ECT delivers brief electrical pulses to the brain to elicit a controlled seizure while a patient is asleep under general anesthesia. The CHOP-Penn team demonstrated that a second event in the brain follows the initial ECT-induced seizure: cortical spreading depolarization (CSD). CSD is a slow-moving, high-amplitude wave of electrical disturbance that travels across the brain, resetting neurons in its path and inducing lasting plasticity.
Why It Matters
The discovery has implications for understanding how ECT works and could guide researchers toward developing more personalized ECT therapies in the future.

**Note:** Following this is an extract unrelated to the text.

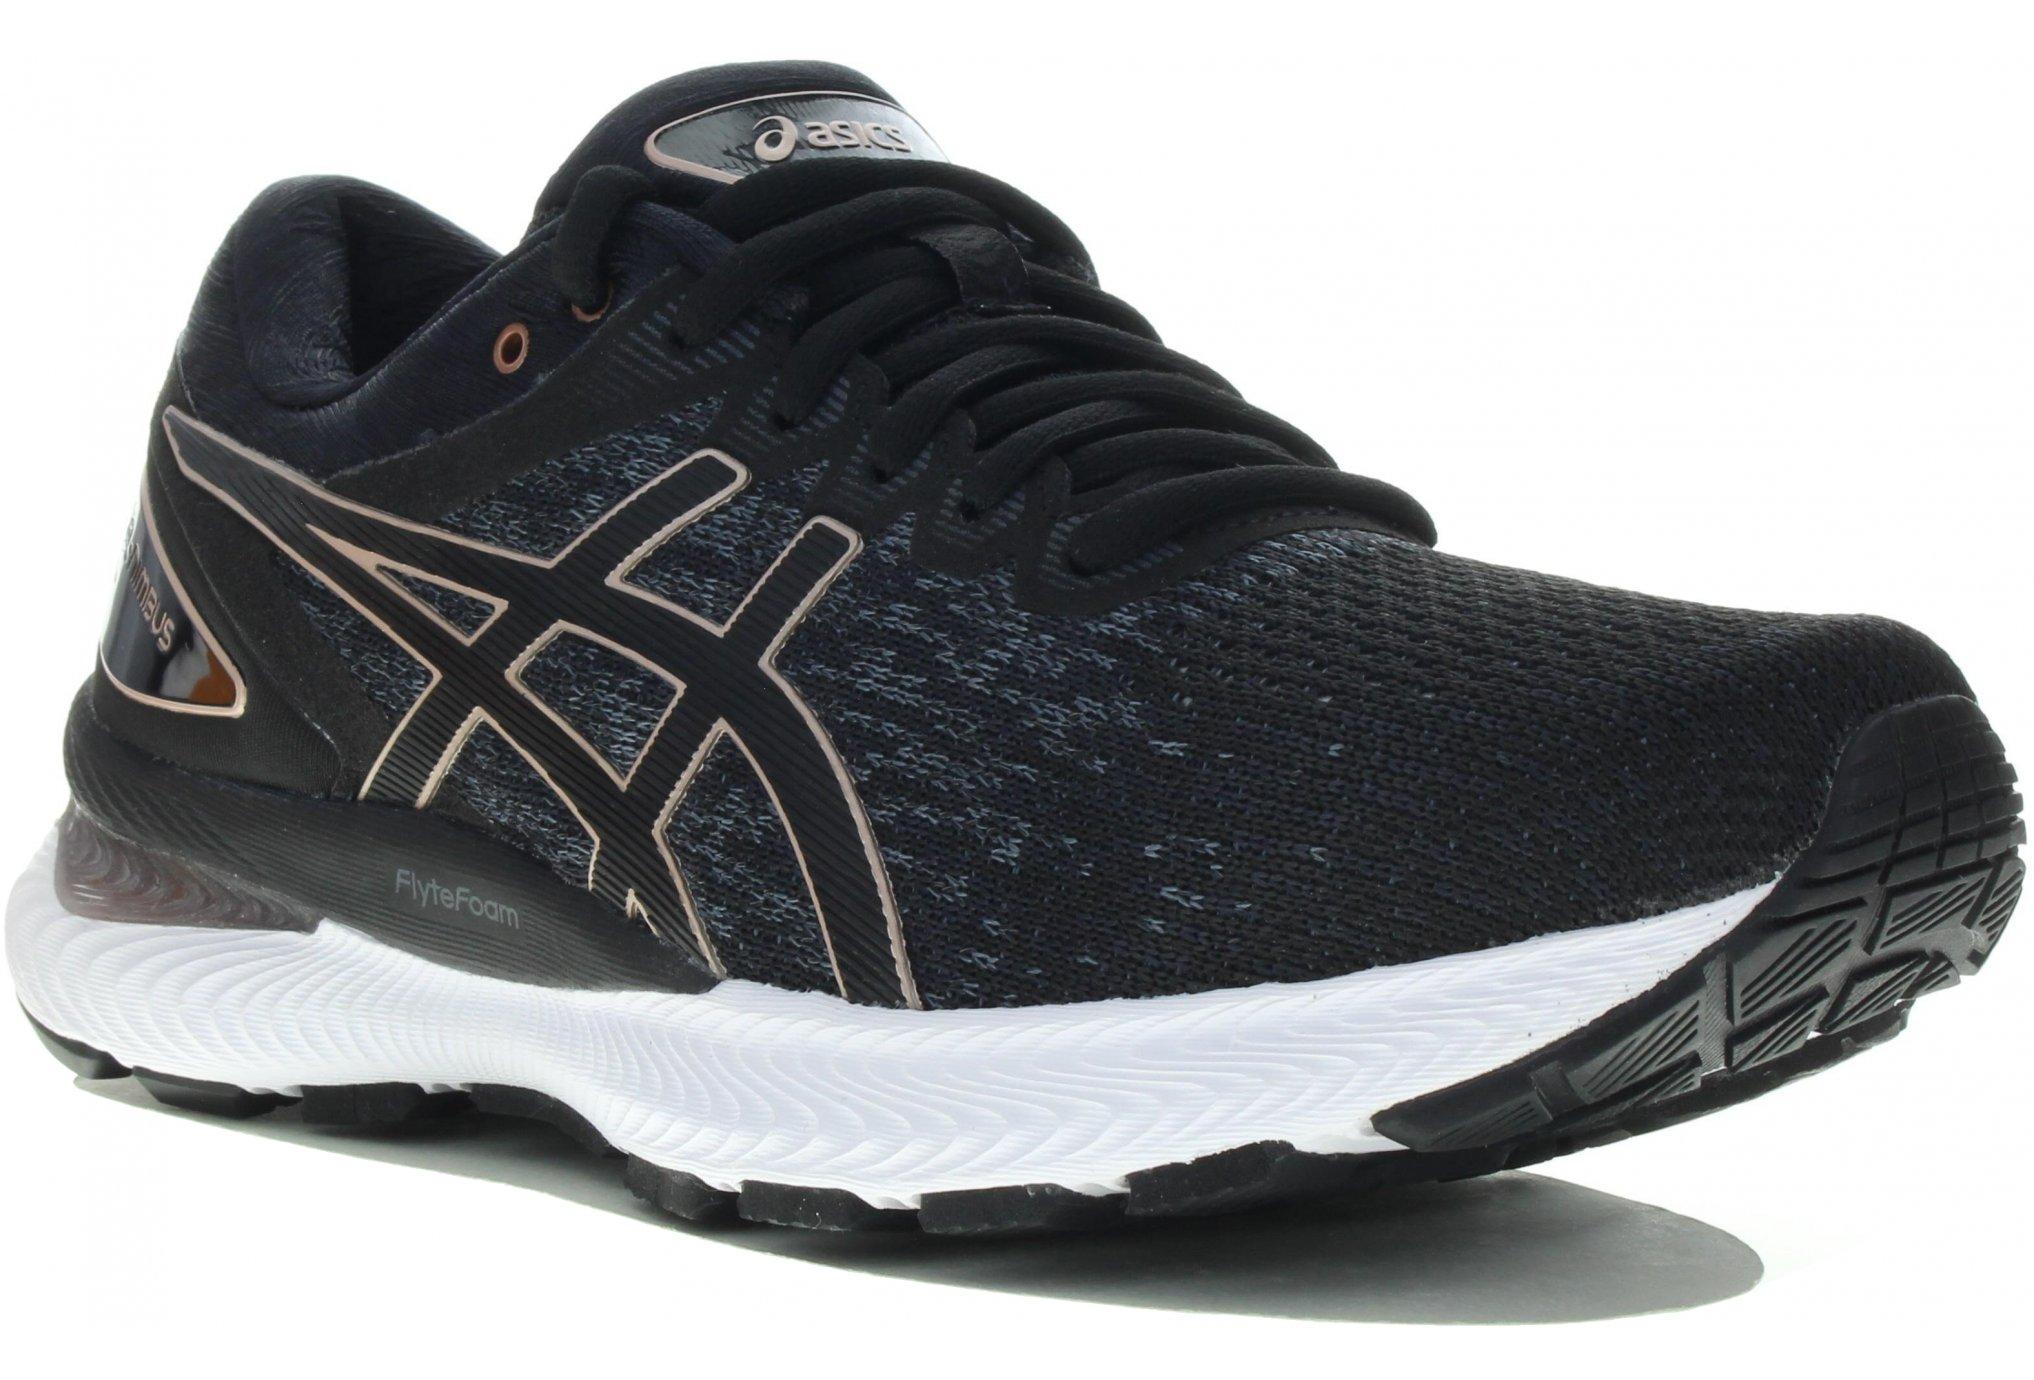 Asics Gel-Nimbus 22 Knit Chaussures running femme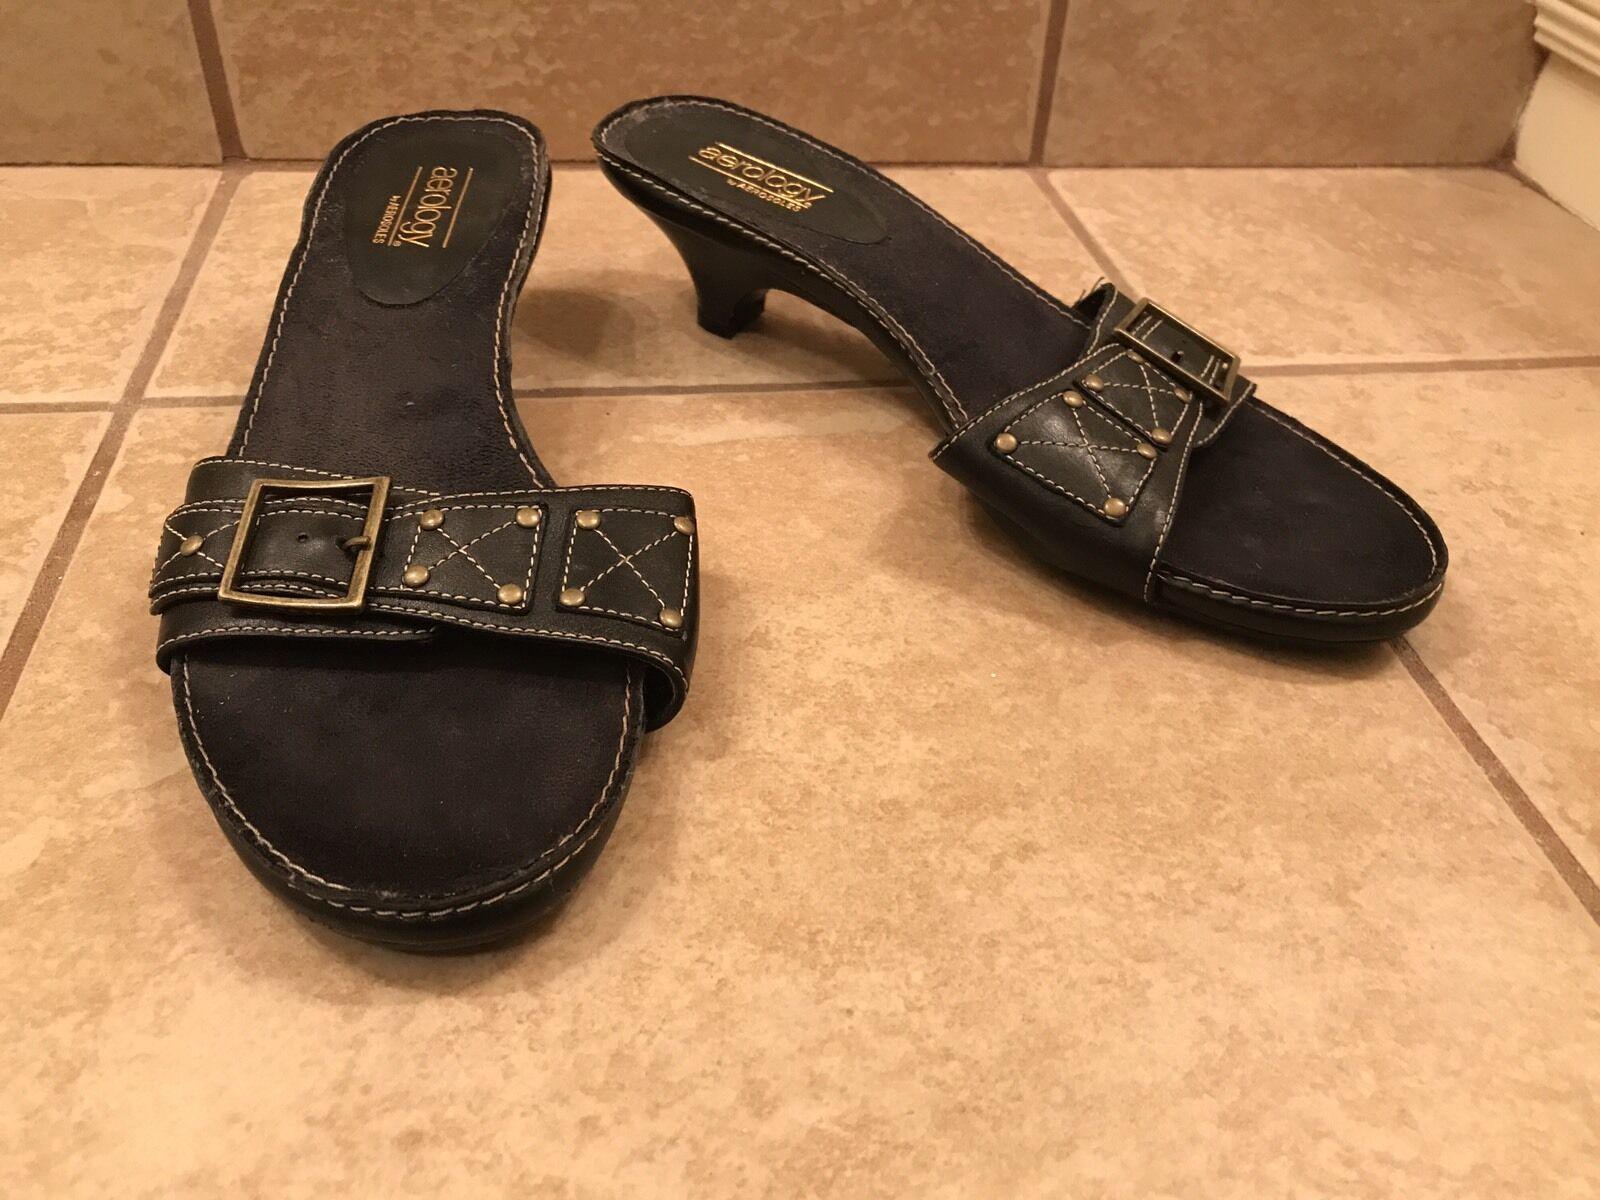 Aerology Sandals by Aerosoles Black Leather Sandals Aerology Shoes Slides 8.5 14c0a6

For decades, it was widely believed that seizures were essential for ECT to improve clinical symptoms. Yet not all seizures lead to clinical improvement, and evidence suggests that electrical stimulation below the seizure threshold also can be therapeutic. There is a need, therefore, for more reliable brain activity biomarkers to predict treatment response, monitor side effects, and guide stimulation settings.
Who Conducted the Study
Ethan Goldberg, MD, PhD, an attending physician and director of the Epilepsy Neurogenetics Initiative (ENGIN), served as the study’s principal investigator. Zachary Rosenthal, MD, PhD, a psychiatry resident at Penn’s Perelman School of Medicine and postdoctoral researcher in the Goldberg Laboratory at CHOP, was the study’s lead author.
How They Did It
The researchers created a new animal model of ECT using non-invasive optical neuroimaging — a tool that uses light to visualize brain network activity during ECT stimulation. A genetically encoded calcium indicator in the brain allowed the researchers to image neuronal dynamics through the skull and identify CSD as a new biomarker for ECT. The team then validated the results by using noninvasive optical neuroimaging in human patients to demonstrate that CSD also occurs in routine ECT treatments.
Quick Thoughts
“Nearly a century since it was discovered, ECT remains a safe, highly effective treatment for severe depression. Despite its effectiveness, ECT’s mode of action is understudied and poorly understood,” Dr. Goldberg said. “Dr. Rosenthal’s hypothesis, supported by data in human patients, is that post-seizure spreading depolarization might be driving the efficacy of ECT by inducing brain plasticity.”
What’s Next
The team plans to conduct larger-scale, longitudinal studies to determine if CSD influences clinical trajectories in patients receiving ECT, as well as in animal models of psychiatric disease. If CSD proves to be part of the therapeutic mechanism of ECT, this would allow clinicians to possibly bypass seizure and directly trigger CSD, leading to more targeted clinical effects.